• **COLLECTED DATA**
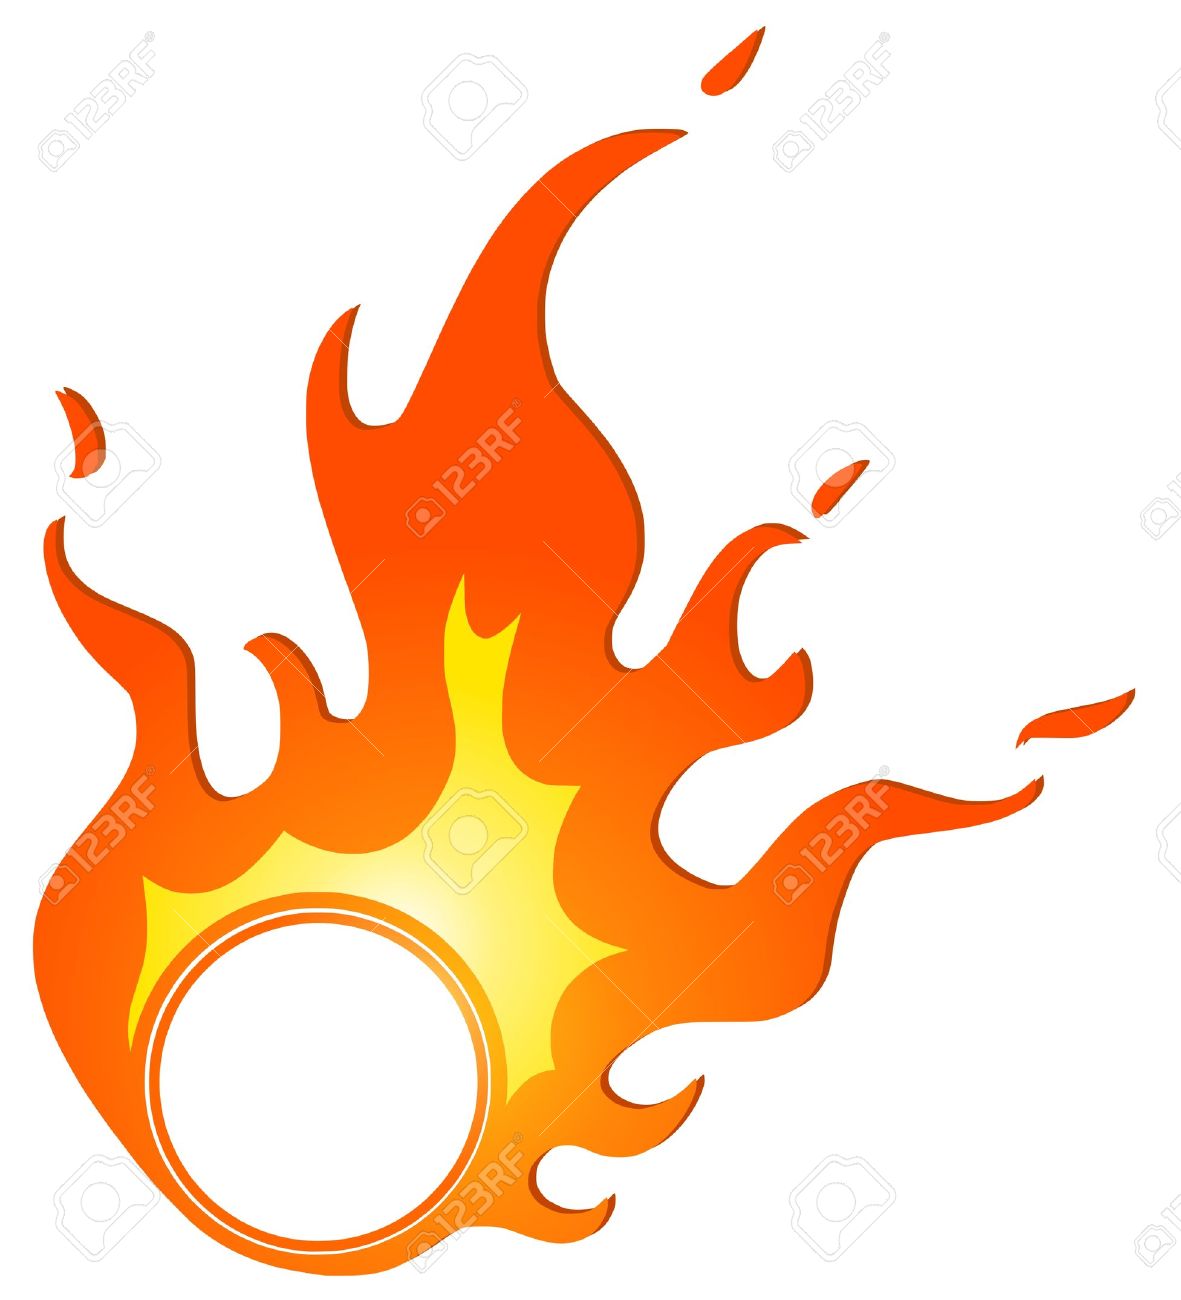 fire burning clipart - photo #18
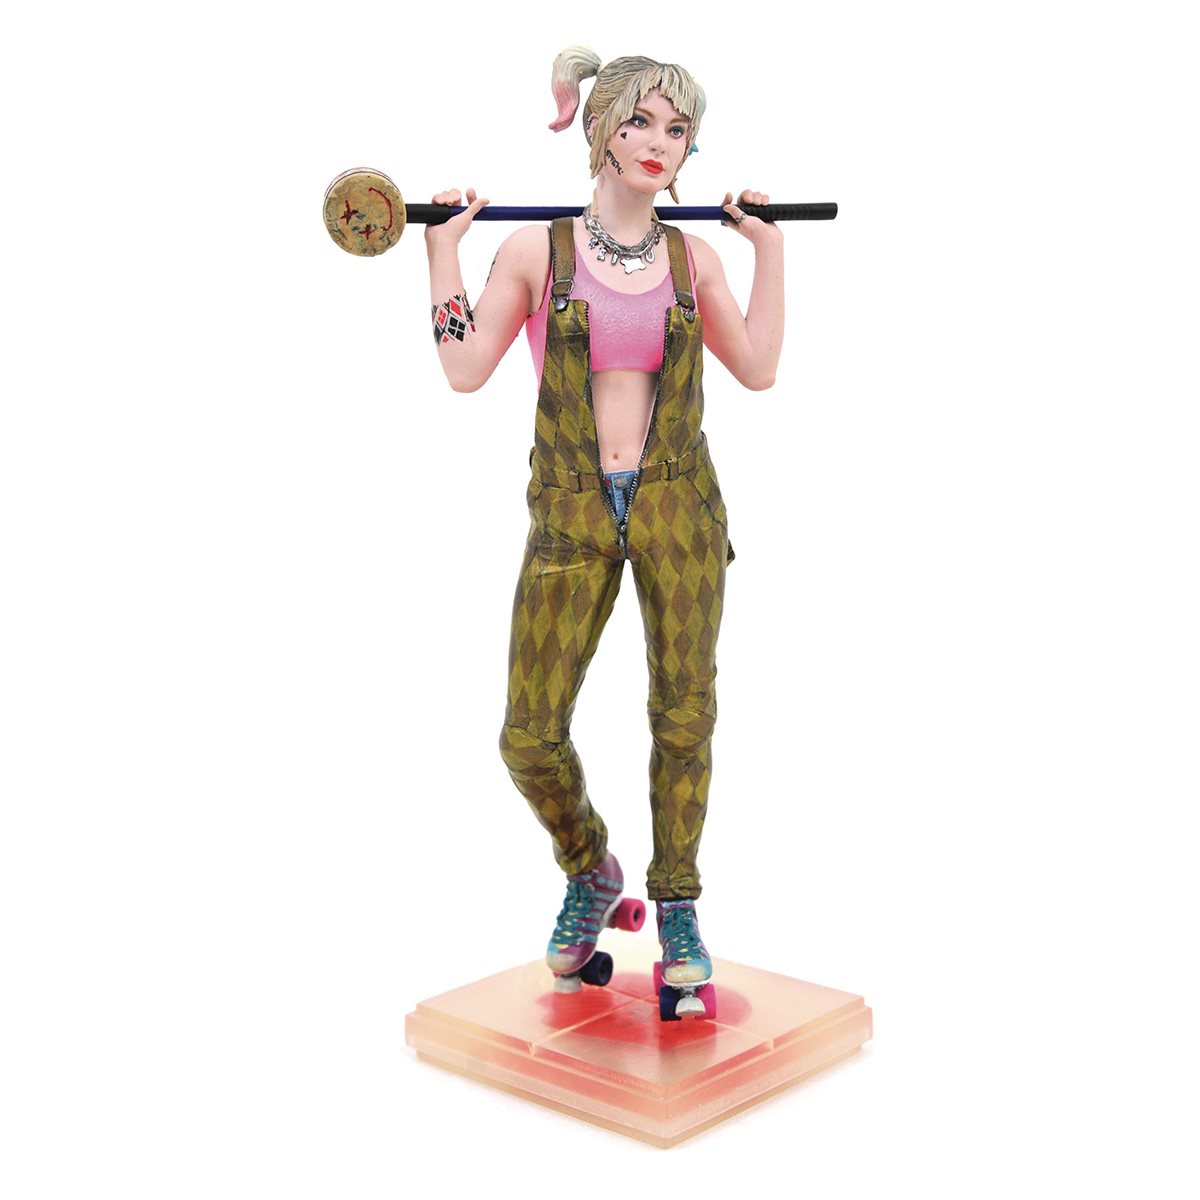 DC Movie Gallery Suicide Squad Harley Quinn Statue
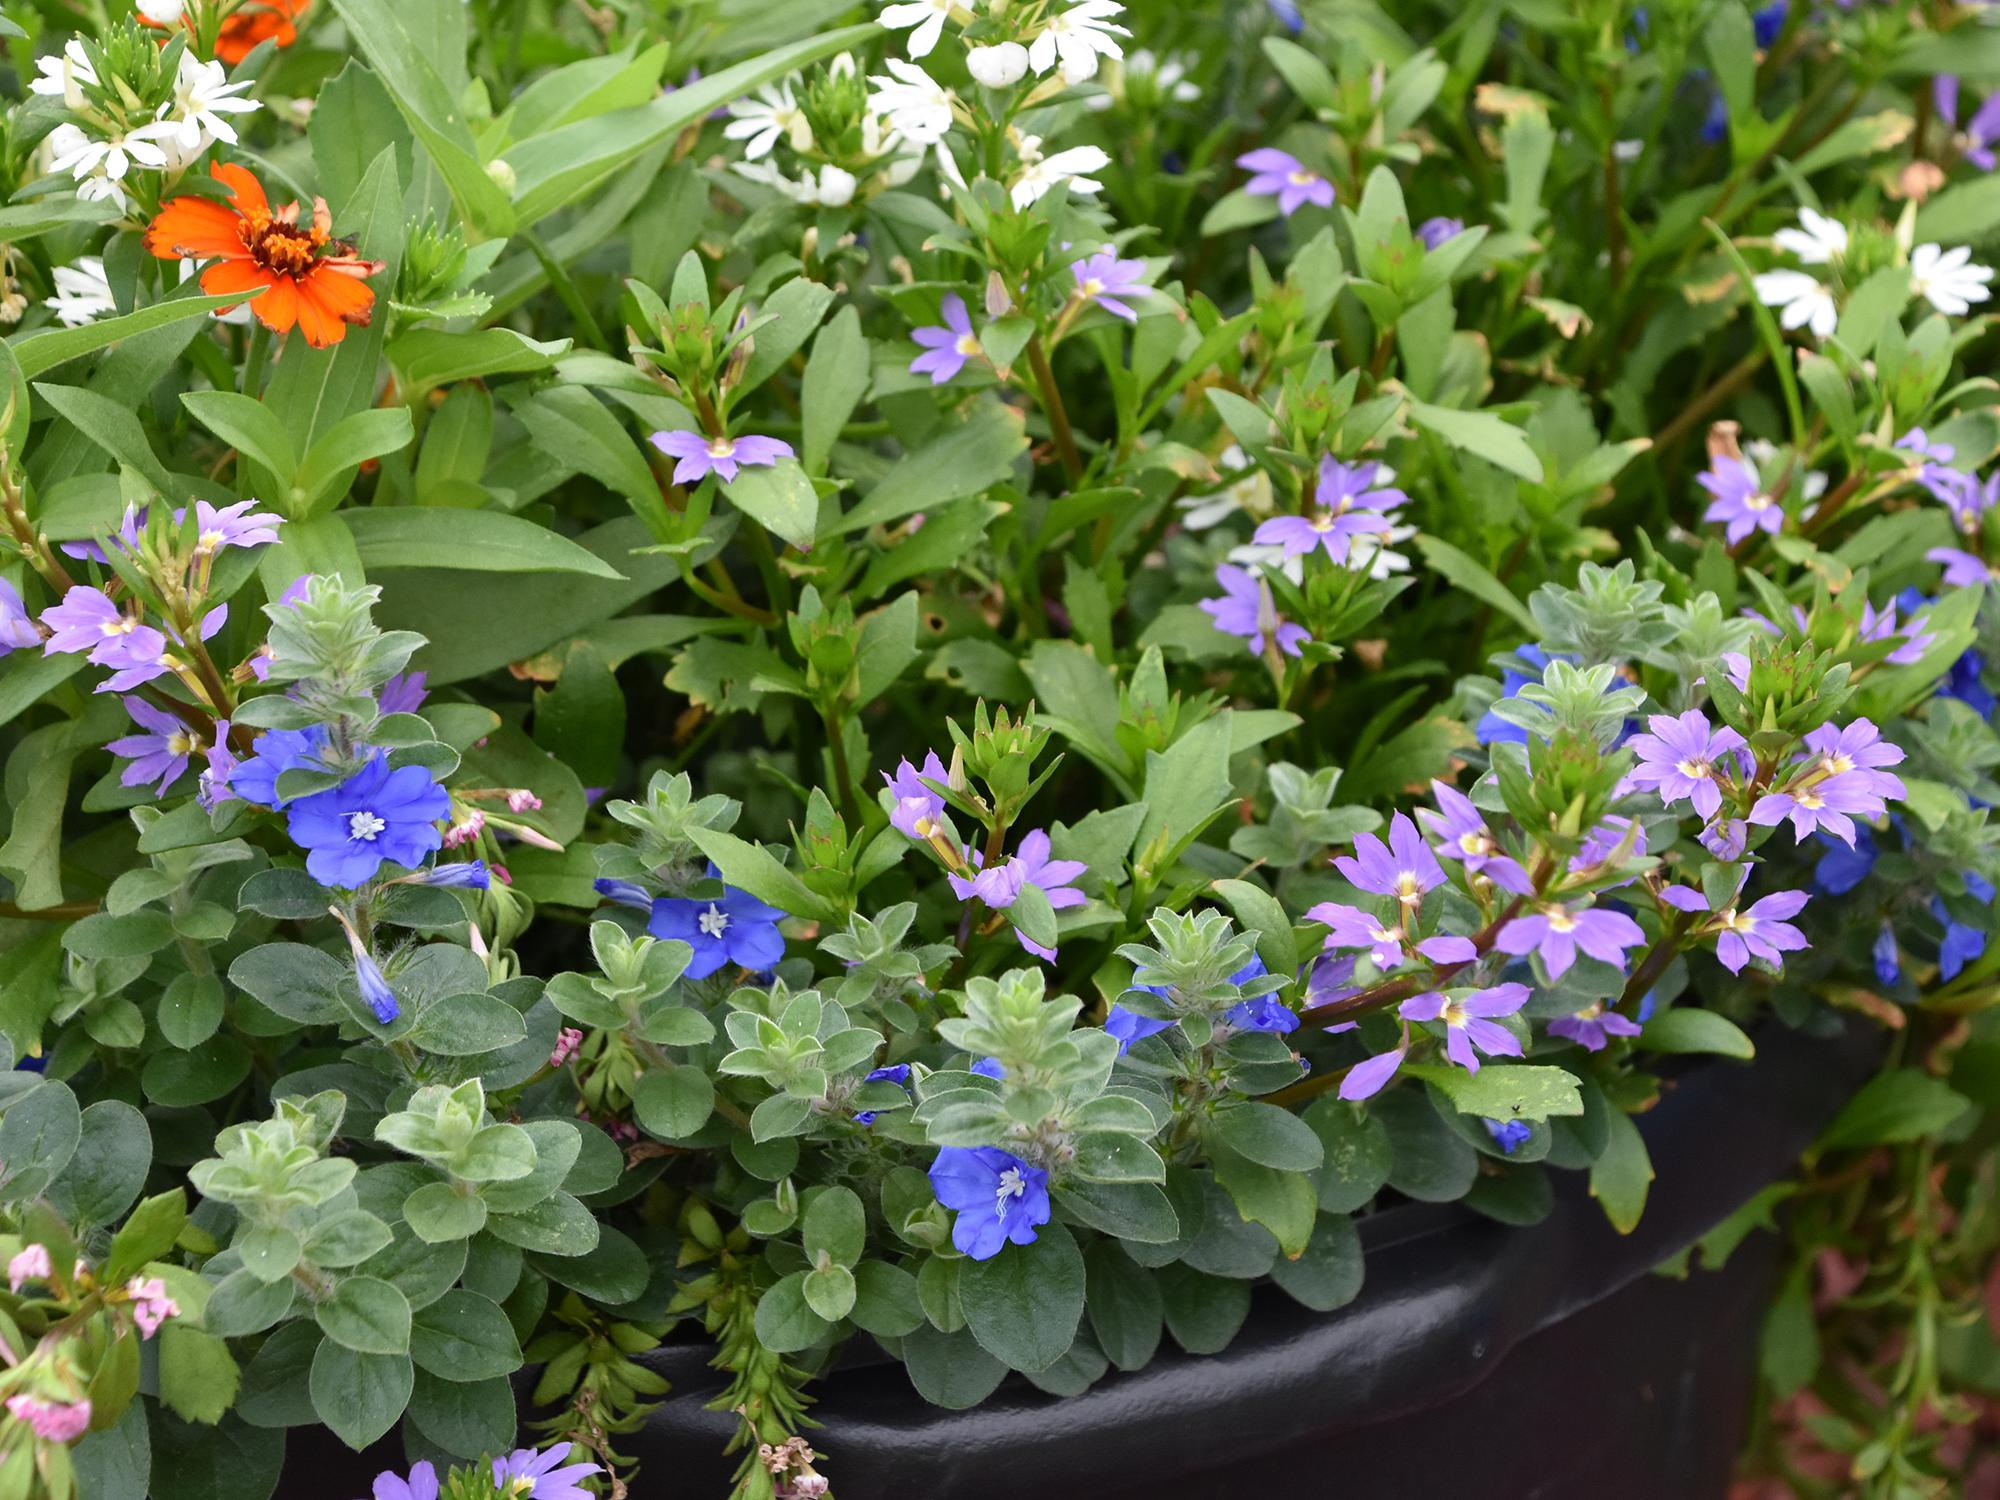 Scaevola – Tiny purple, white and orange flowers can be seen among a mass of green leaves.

• **EXERCISE**
Write out the material above once more, word for word. Images stay out.

• **EXERCISE RESULT**
 fire burning clipart - photo #18
 DC Movie Gallery Suicide Squad Harley Quinn Statue
 Scaevola – Tiny purple, white and orange flowers can be seen among a mass of green leaves.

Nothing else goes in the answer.